The German writers Georg Büchner (1813-1837) and Frank Wedekind (1864-1918). Many of the most important theater and film directors of the last century, including Max Reinhardt, G. W. Pabst, Orson Welles, Robert Wilson, and Werner Herzog, have wrestled with their works, as have composers and writers from Alban Berg and Bertolt Brecht through Christa Wolf and Thalia Field. Rock artists as diverse as Tom Waits, Lou Reed, Duncan Sheik, and Metallica have recently rediscovered their urgency. Reading these works in translation and examining artistic creations they inspired. Classroom discussions and written responses; students also rehearse and present in-class performances of excerpts from the plays. The aim of these performances is not to produce polished stagings but to creatively engage with the texts and their interpretive traditions. No previous theatrical experience required.

TAPS 42. Costume Construction. 2 Units.

Course will cover the basics of costume and garment construction.
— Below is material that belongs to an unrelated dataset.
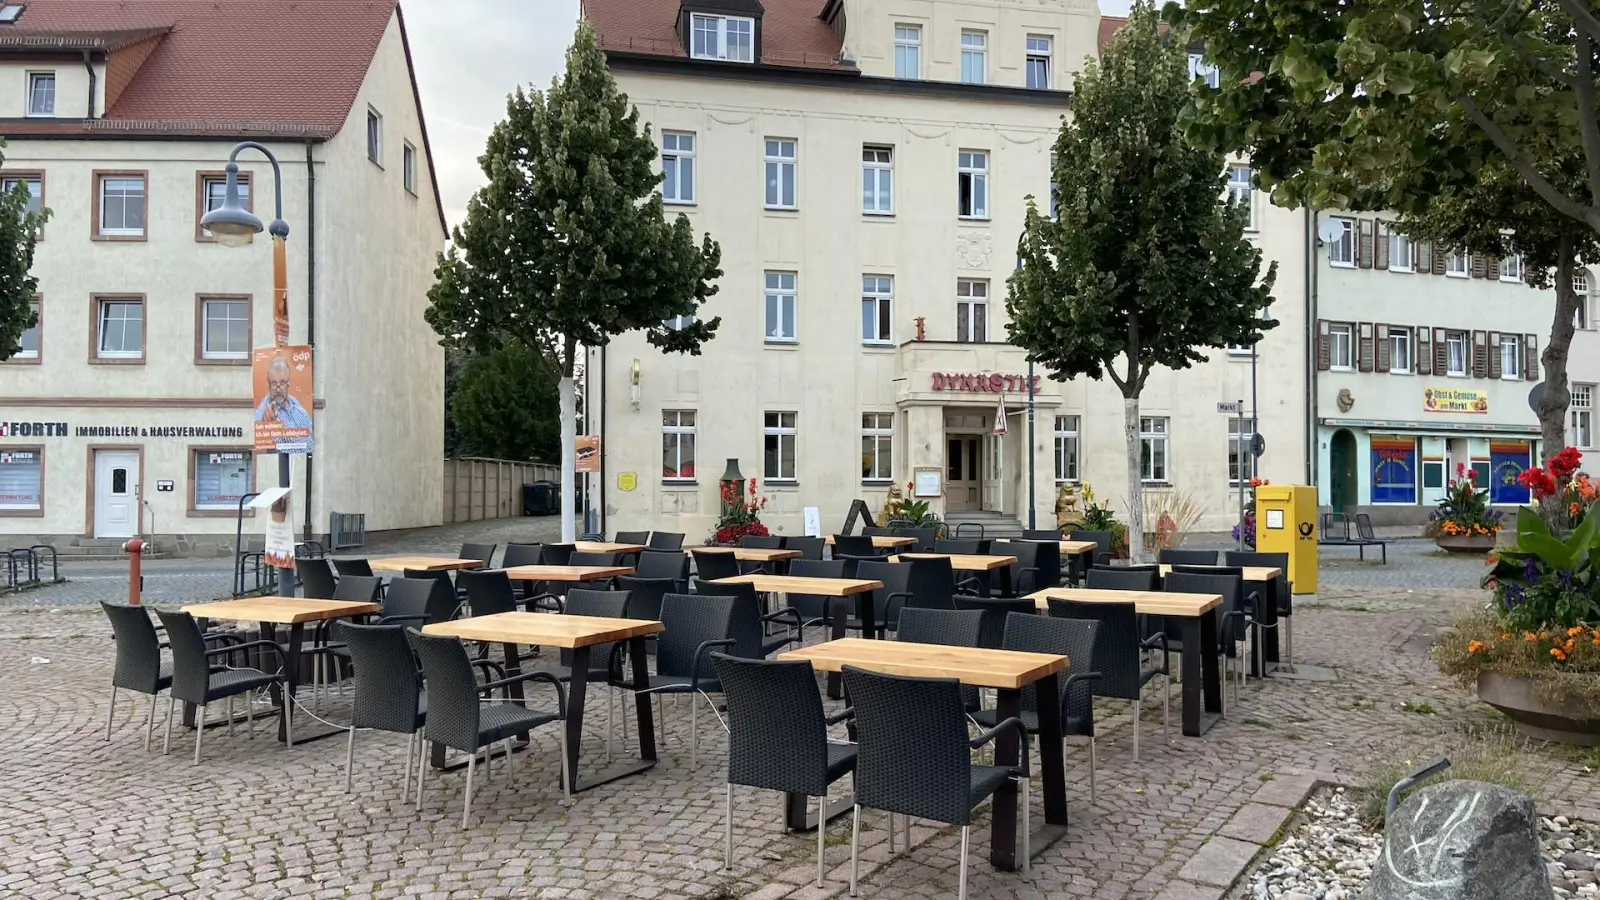 Darum stehen jetzt Tische und Stühle auf dem Markt (Foto: taucha-kompakt.de)

Includes hand and machine skills as well as basic patterning ideas that may be applied to more advanced projects. Lecture/Lab.

TAPS 60. How We Sing: The Voice, How It Functions, and the Singer's Mind. 1 Unit.

A weekly lecture course for singers, pianists, directors, conductors, and anyone who is interested in the art and craft of the voice. The voice is an instrument whose sounds are determined by its structure and the choices the singer makes. Students will learn how the voice works: the physiology of the instrument, breathing, resonance, and adjustments the singer makes to the instrument to produce sounds appropriate for various styles of vocal music. This course is intended for singers, pianists, conductors, musical directors and directors of groups that include singers, regardless of style or size of ensemble, with the goal of promoting excellent and healthy vocal performance. Ability to sing and/or read music is not required; this is not a voice class.
Same as: MUSIC 60

TAPS 802. TGR Dissertation. 0 Units.

(Staff).

TAPS 89N. Literature of Adoption. 3 Units.

Why does adoption figure so prominently in western narrative? From Oedipus to Harry Potter, the classical and popular traditions of literature often include stories of displaced children, orphans and adoptees. This course will examine the allure of the adoption narrative, both to authors and to audiences. Issues of transracial adoption will also be discussed and we will be concerned with memoir and documentary film toward the end of the quarter. No previous knowledge of adoption is required.